И она почувствовала себя особенной, если он доверяет ей такое.
Так что бы она хотела сегодня? Продать щенка, рано уложить детей, а потом, когда Джимми увидит, что она все уладила со щенком, они могут немного повозиться, а потом лежать и составлять планы, а он сможет снова рассмеяться или фыркнуть ей в волосы.
Почему этот смех/фырканье так много для нее значили, она не имела ни малейшего чертова представления. Просто такова была одна из странностей того Чуда, Которое Называлась Она, ха-ха-ха.
Бо во дворе вскочил на ноги, внезапно чем-то заинтересовавшись; а, дело в том (вот вам и пожалуйста), что подъехала звонившая по телефону дама?
Опа, а машинка-то ничего, значит, она некстати вставила словечко «дешево» в объявление.
Эбби завизжала: «Ой, какой хорошенький, я его хочу!»; щенок тусклым глазом поглядывал из коробки для обуви, а хозяйка дома потащилась прочь и – раз-два-три-четыре – подобрала четыре собачьи какашки с ковра.
Опа, а какое полезное практическое занятие для детей, подумала Мари, ха-ха (грязь, запах плесени, сухой аквариум с однотомной энциклопедией внутри, кастрюлька с макаронами на книжной полке, из которой торчит надувная карамельная палочка, оказавшаяся там необъяснимым образом), и хотя у кого-то все это и могло вызвать отвращение (и запасная покрышка на обеденном столе в столовой, и мрачная мама-собака – предполагаемая виновница появления какашек в доме, – которая с выражением идиотского наслаждения на морде села, раздвинув задние ноги, и проехалась задницей по груде одежды в углу), Мари поняла (подавляя в себе желание броситься к раковине и вымыть руки – отчасти еще и потому, что в раковине лежал баскетбольный мяч), что на самом деле все это очень, очень грустно.
Пожалуйста, ничего не трогайте, пожалуйста, не трогайте, сказала она Джошу и Эбби, но сказала только в уме, потому что хотела дать детям шанс увидеть ее демократичность и толерантность, а потом они все смогут помыть руки в частично перестроенном «Макдоналдсе», если только они, пожалуйста, пожалуйста, не будут совать руки в рот и, упаси бог, тереть глаза.
Зазвонил телефон, и хозяйка дома тяжелыми шагами направилась в кухню, где положила на стол завернутые в бумажное полотенце какашки, которые до этого изящно держала в руке.
– Мама, я его хочу, – сказала Эбби.
– Я обещаю его выгуливать типа два раза в день, – сказал Джош.
– Не говори «типа», – сказала Мари.
– Я обещаю его выгуливать два раза в день, – сказал Джош.
О’кей, хорошо, значит, тогда они возьмут в дом собаку белой швали.
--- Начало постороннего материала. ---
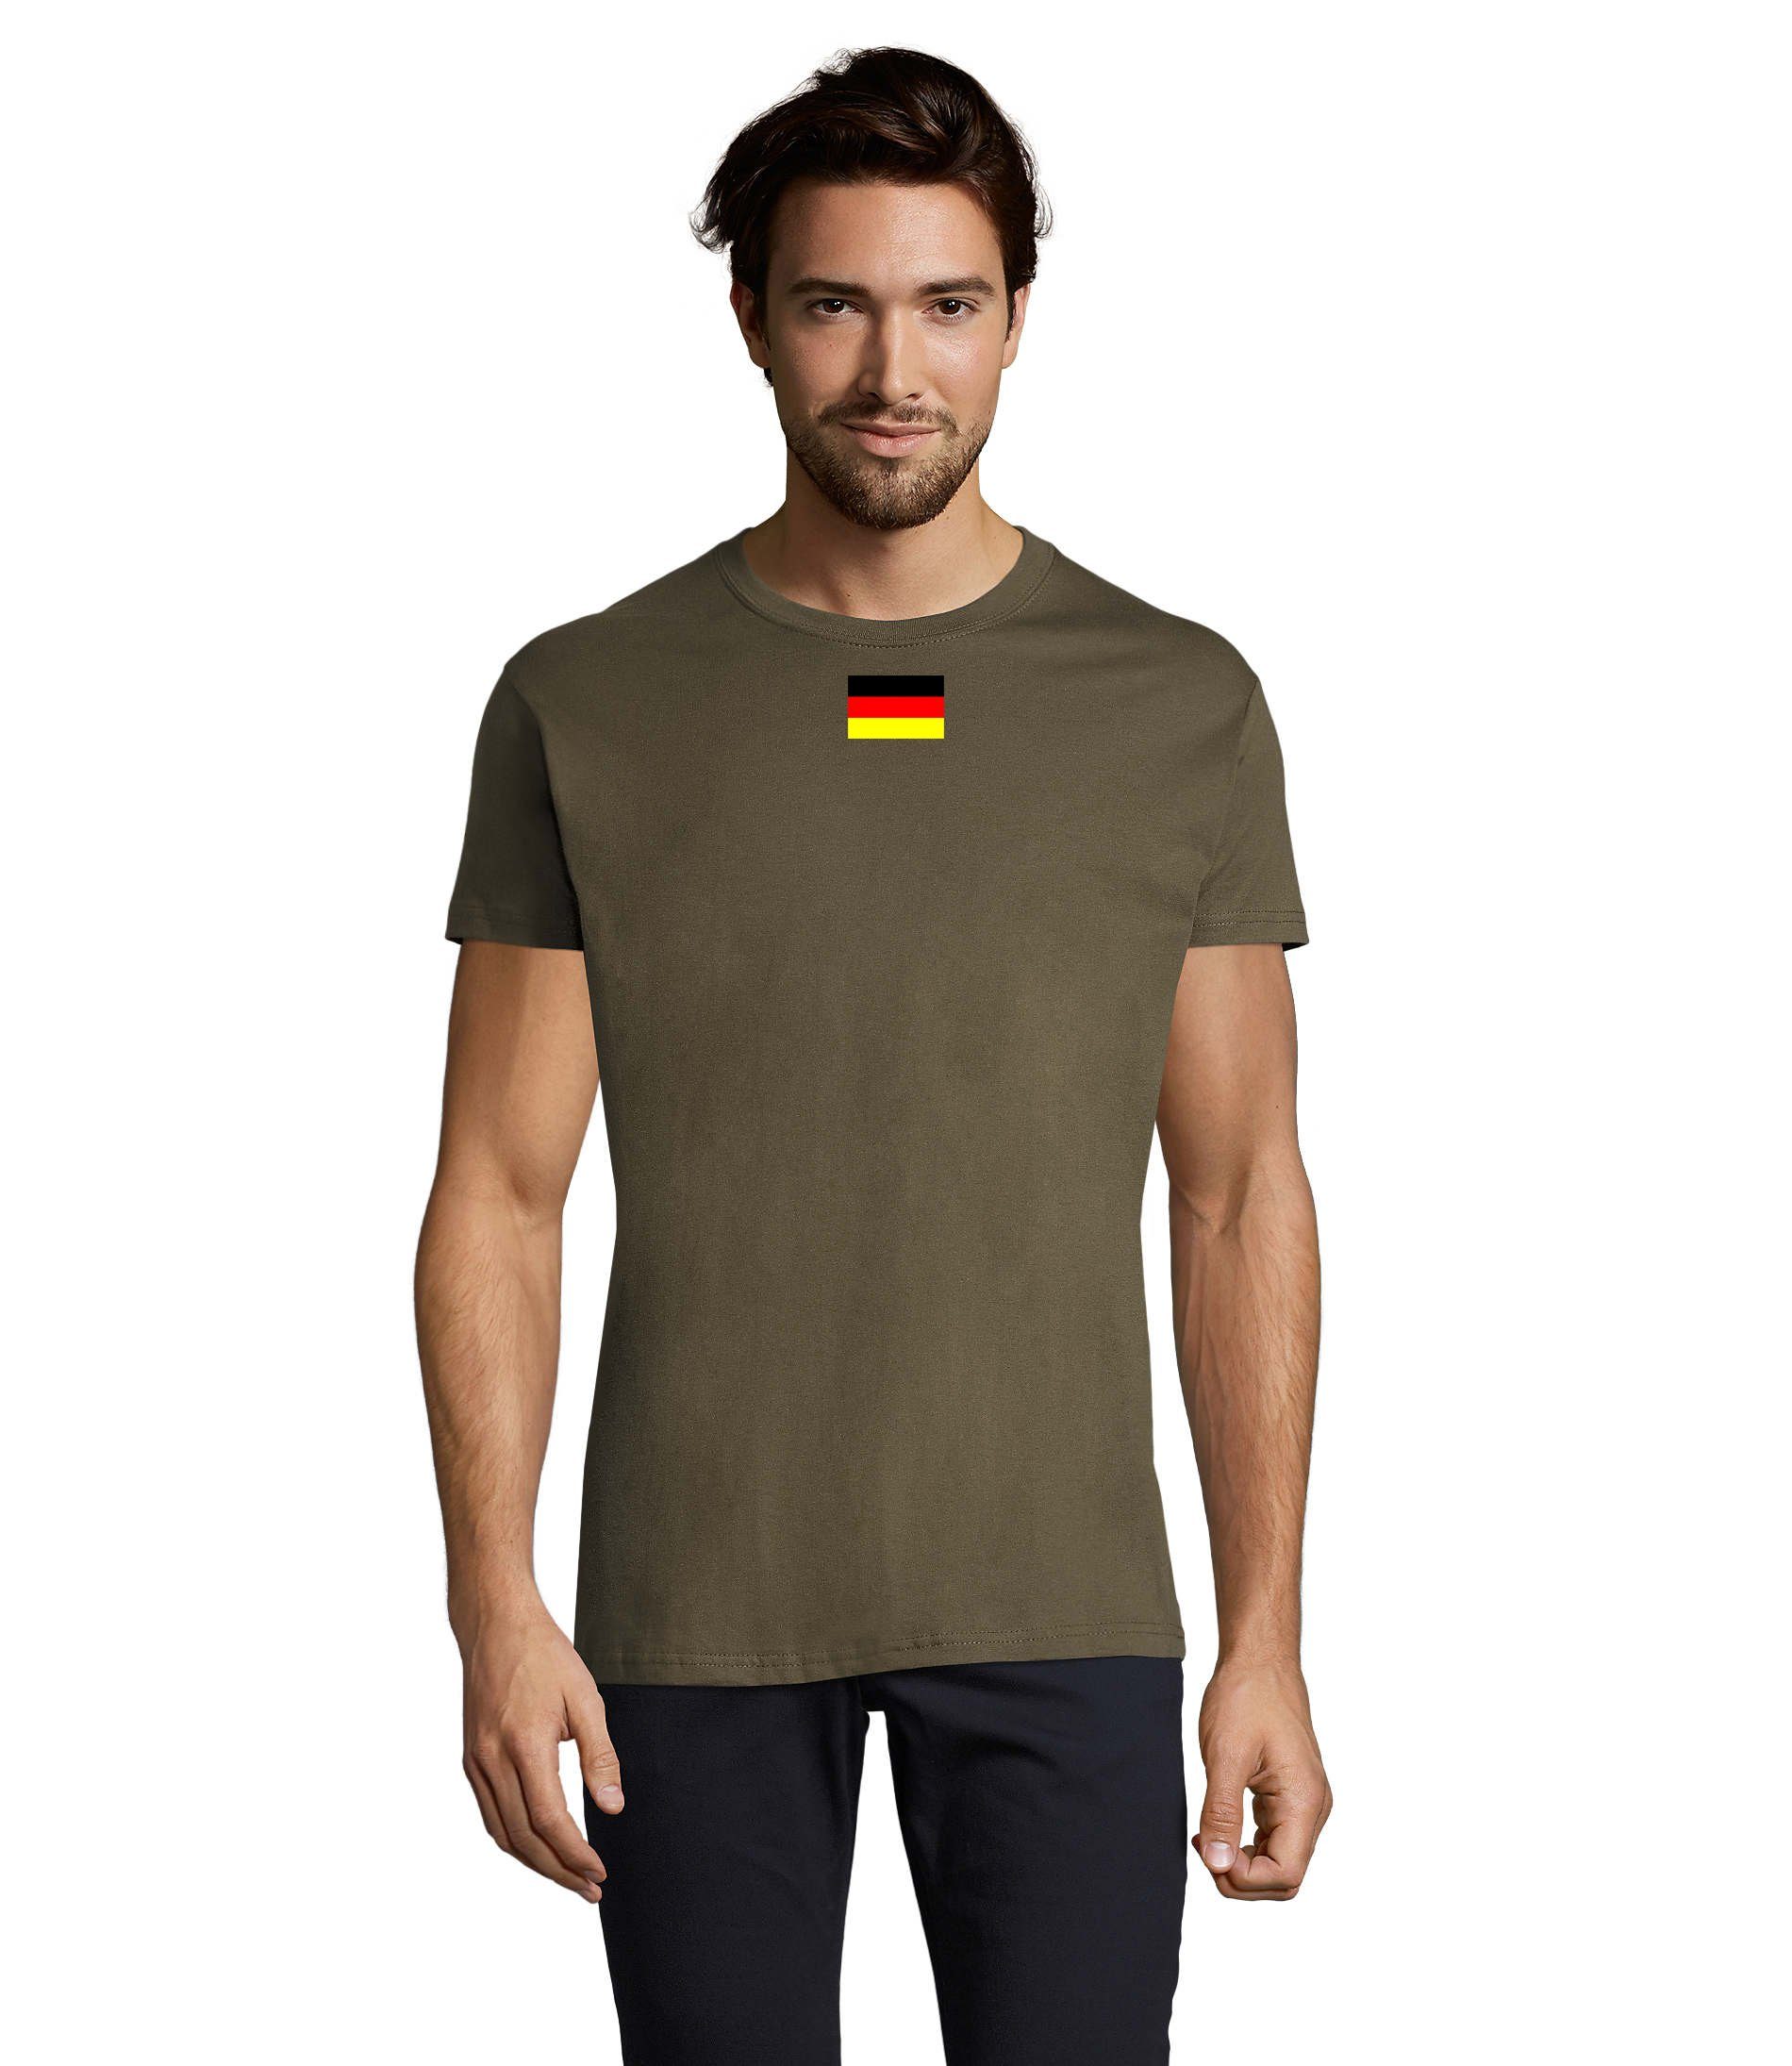 Armee Army Brownie Nato Deutschland Blondie Herren Germany USA & T-Shirt Ukraine Nation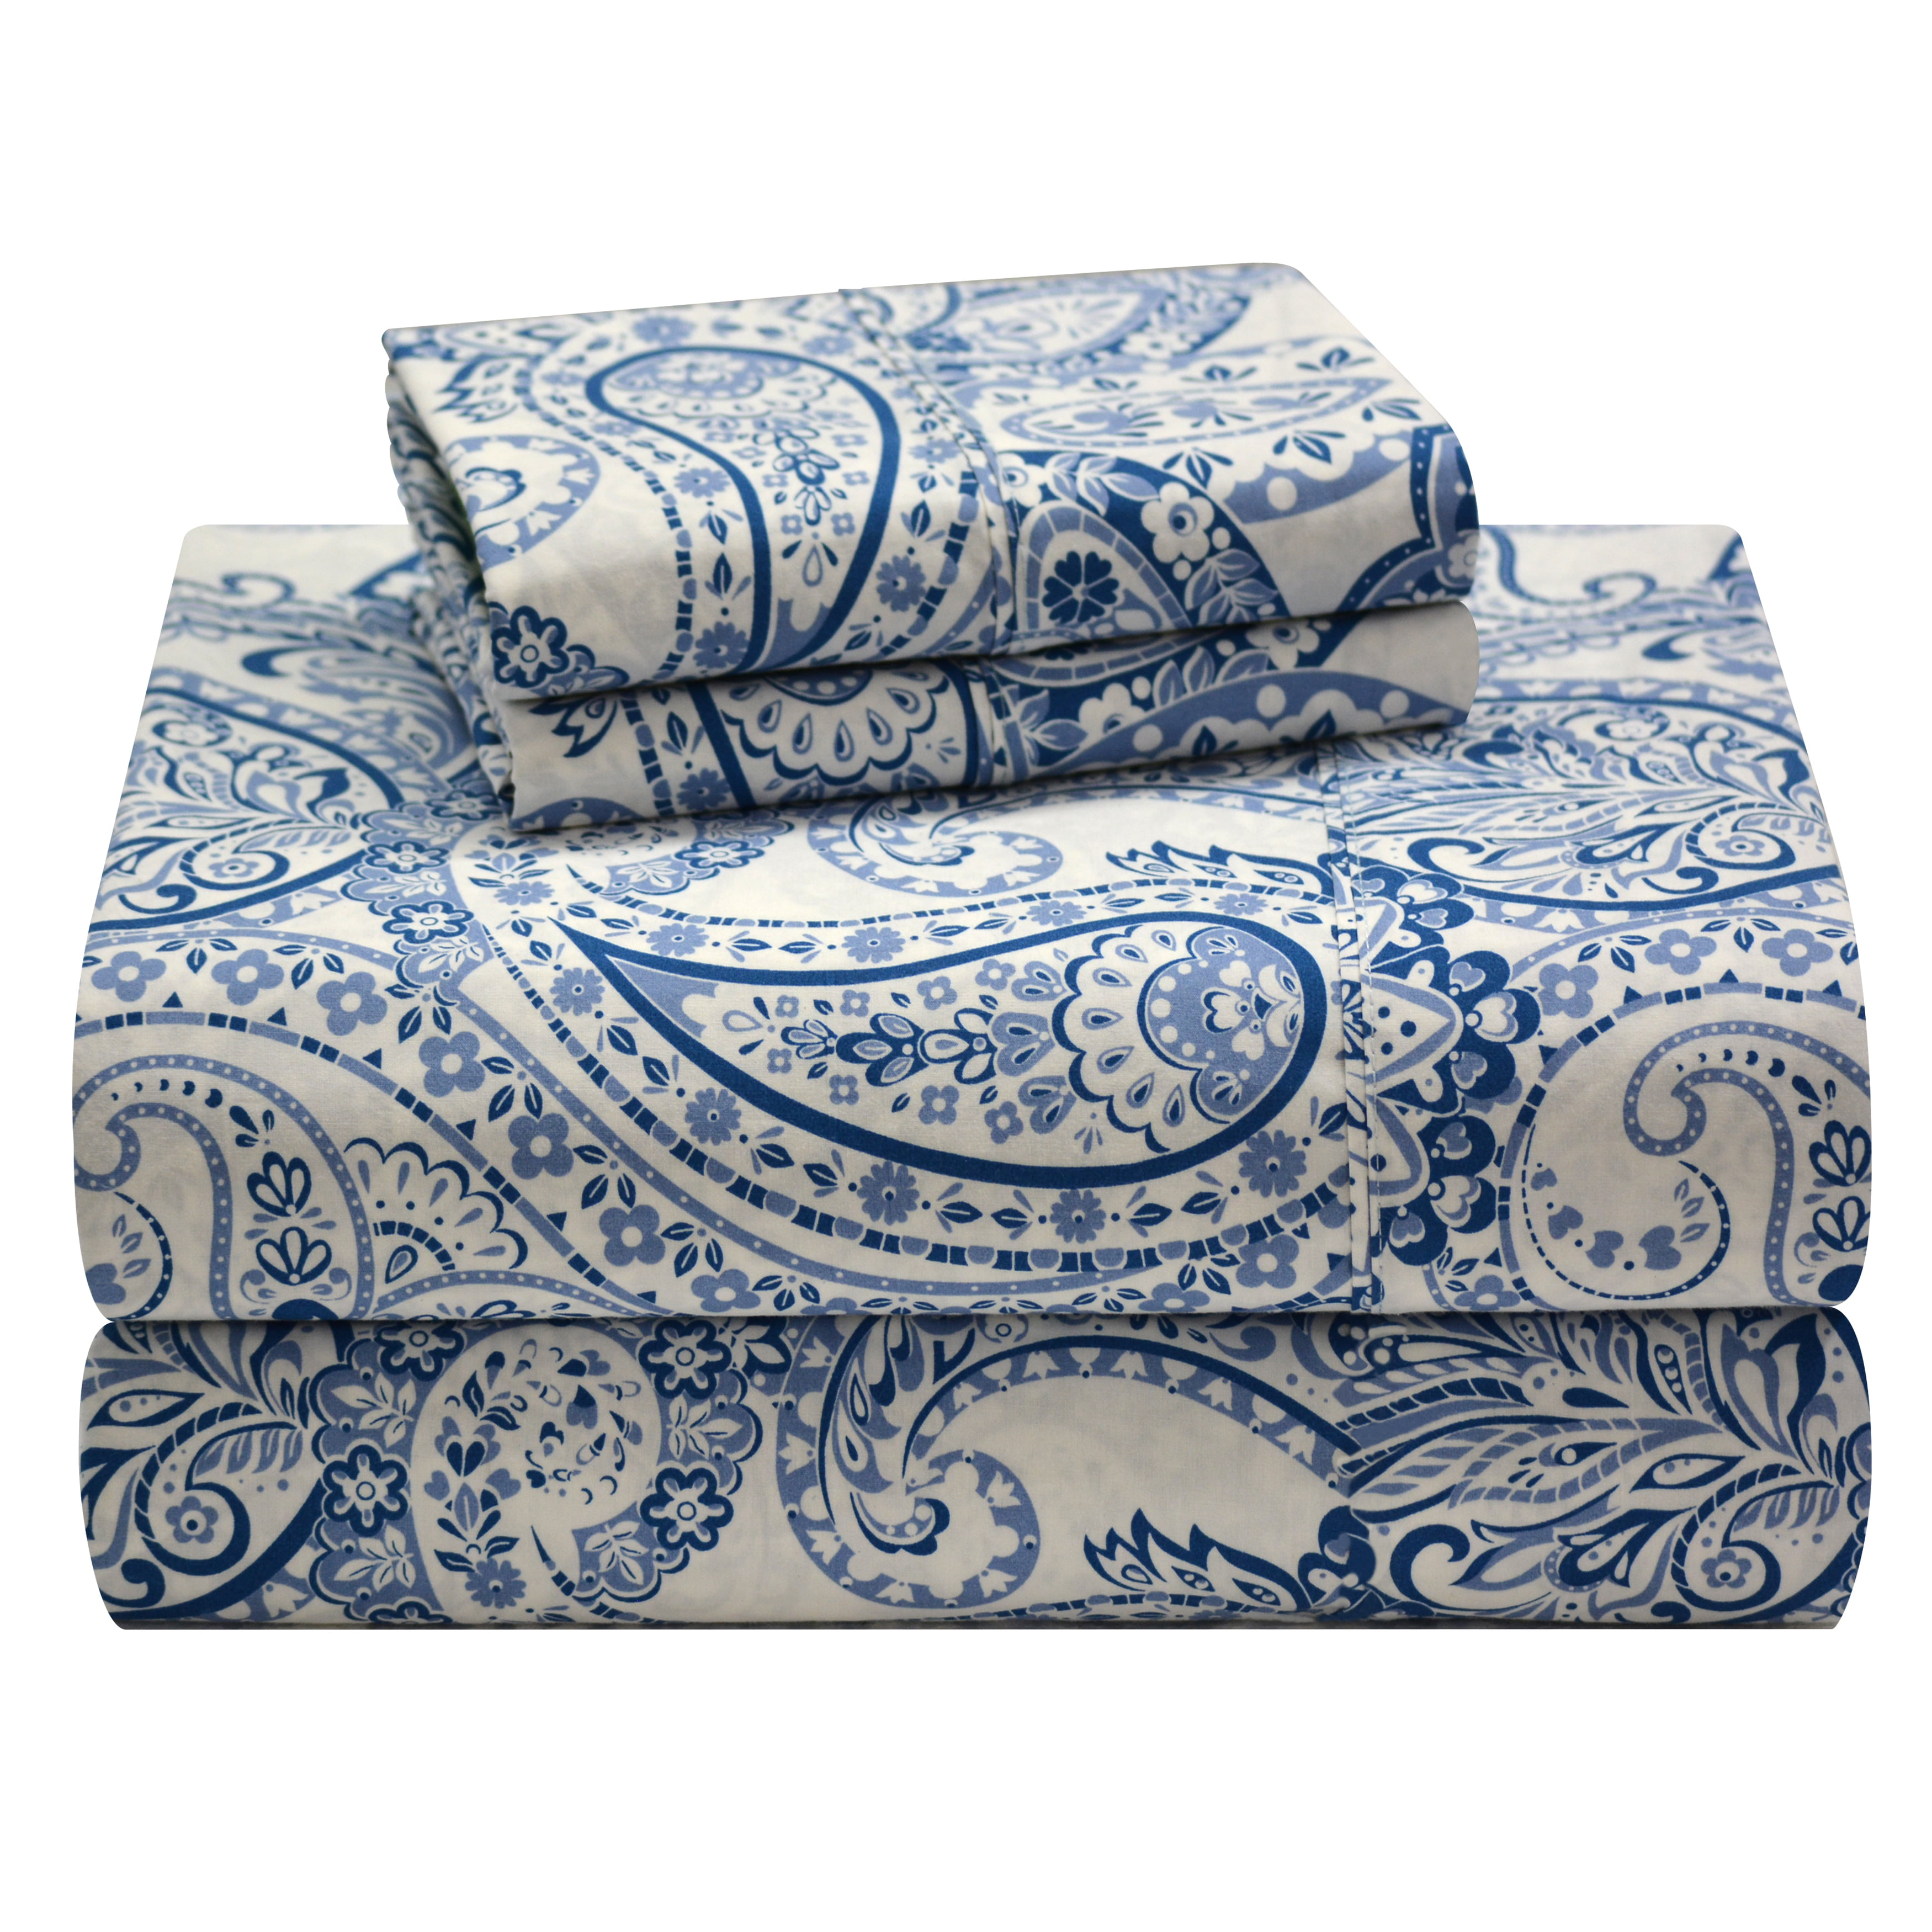 Boho Paisley Blue Combed Cotton Printed Sheet Set - King, Boho Paisley ...

Ха-ха. Они могут назвать его Зик, купить ему трубку из кукурузного початка и соломенную шляпу. Она представила себе щенка, нагадившего на ковер, вот он смотрит на нее типа «Никак не мок удержаца». Да ладно. Разве она такая уж аристократка? Все может изменяться. Она представила себе выросшего щенка, говорящего с британским прононсом, развлекающего друзей речами вроде: Происхождение моей семьи было, гммм, скорее не было, скажем так, благородных корней…
Ха-ха, ух ты, что за удивительная голова, всегда выдавала на-гора такие…
Мари подошла к окну и, с антропологическим интересом отодвинув жалюзи, была потрясена, настолько потрясена, что отпустила жалюзи и потрясла головой, словно пытаясь проснуться; ее потрясло то, что она увидела: мальчика, на несколько лет младше Джоша, привязанного веревками и цепочкой к дереву с помощью какой-то хрени, которой… она снова отвела жалюзи, уверенная, что не могла видеть то, что видела…
Когда мальчик бросался бежать, цепь вытягивалась. Сейчас он как раз бежал, смотрел на нее, демонстрировал. Когда он выбрал цепь полностью, та резко дернулась, и мальчик упал, будто его пристрелили.
Он сел, подтянулся за цепь, покрутил ею туда-сюда, подполз к миске с водой и, поднеся к губам, сделал глоток – глоток из собачьей миски.
Джош подошел к окну.
Она позволила ему смотреть.
Он должен знать, что жизнь – это не сплошные уроки, игуаны и «Нинтендо». Жизнь – это еще и вот такой мальчик из простых, весь в грязи, привязанный, как животное.
Она вспомнила, как вышла из кладовки и увидела разбросанное нижнее белье матери и металлическую вешалку канавокопателя, увешанную оранжевыми флажками. Она вспомнила, как в одном из старших классов стояла перед школой на жутком морозе, снег усиливался, а она снова и снова считала до двухсот, каждый раз обещая себе, что, досчитав до двухсот, отправится в долгий путь домой…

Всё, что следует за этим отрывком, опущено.